Savojbolagh is first attested in the 16th century, during the Safavid era. Mukri Kurds participated in several wars between the Safavid dynasty and Ottoman Empire, and gained more predominance. In the 17th century, Savojbolagh became the seat of Mukri principality (known as Mukriyān in Sorani Kurdish and Mokriyān in Persian).
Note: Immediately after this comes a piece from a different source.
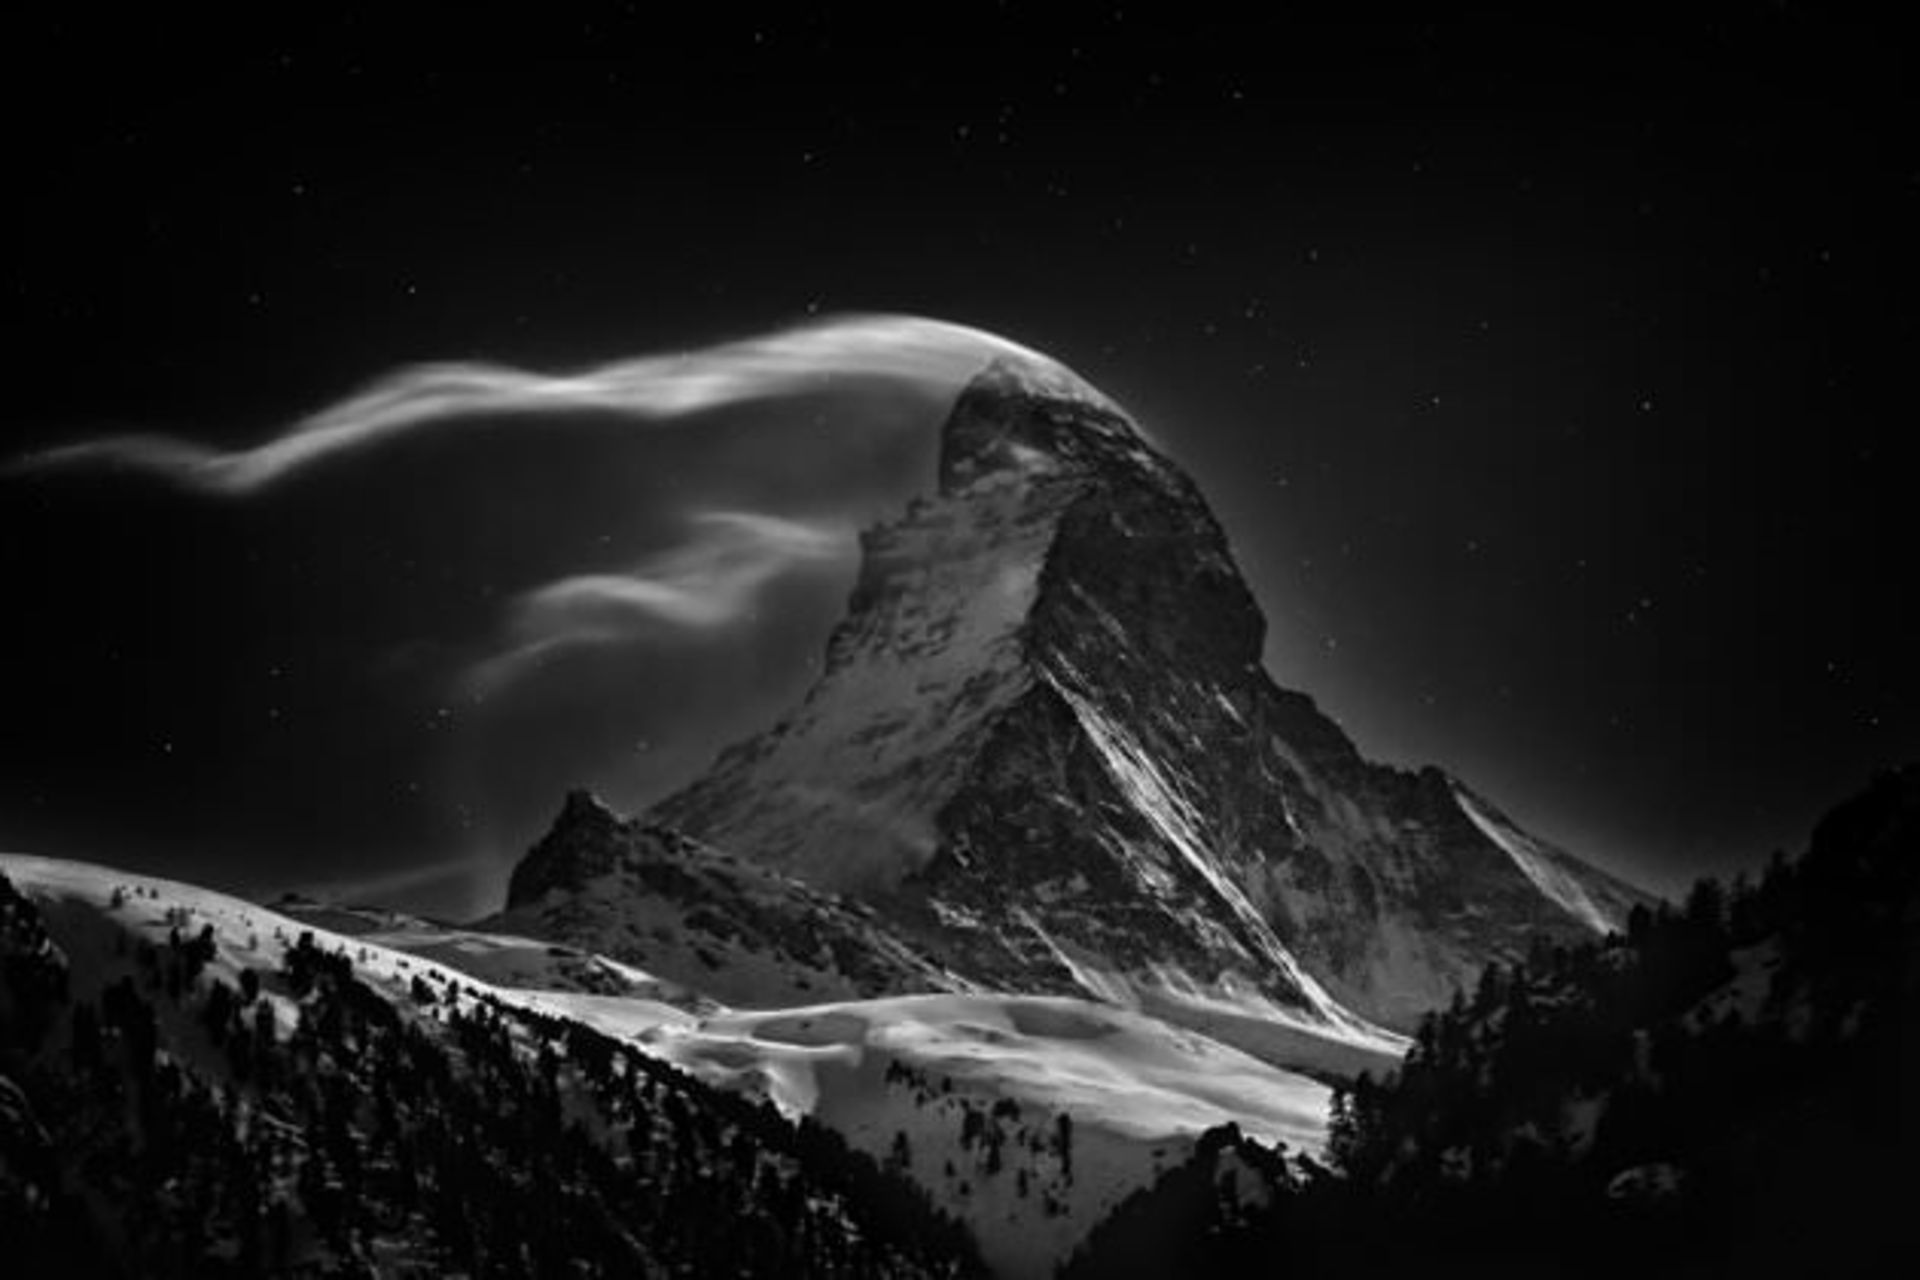 02 The-Matterhorn-jpg 175247

Many believe Budaq Sultan Mukri who built Savojbolagh's congregational mosque is the founder of the current town.

=== Republic of Mahabad ===

Mahabad was the capital of the short-lived Republic of Mahabad, which was declared independent on 1 January 1946, under the leadership of Kurdish nationalist Qazi Muhammad.

The republic received strong support from the Soviet Union, which had occupied northern Iran following the Anglo-Soviet invasion of Iran during World War II. It included the majority Kurdish-speaking towns of Bukan, Piranshahr, Sardasht and Oshnavieh.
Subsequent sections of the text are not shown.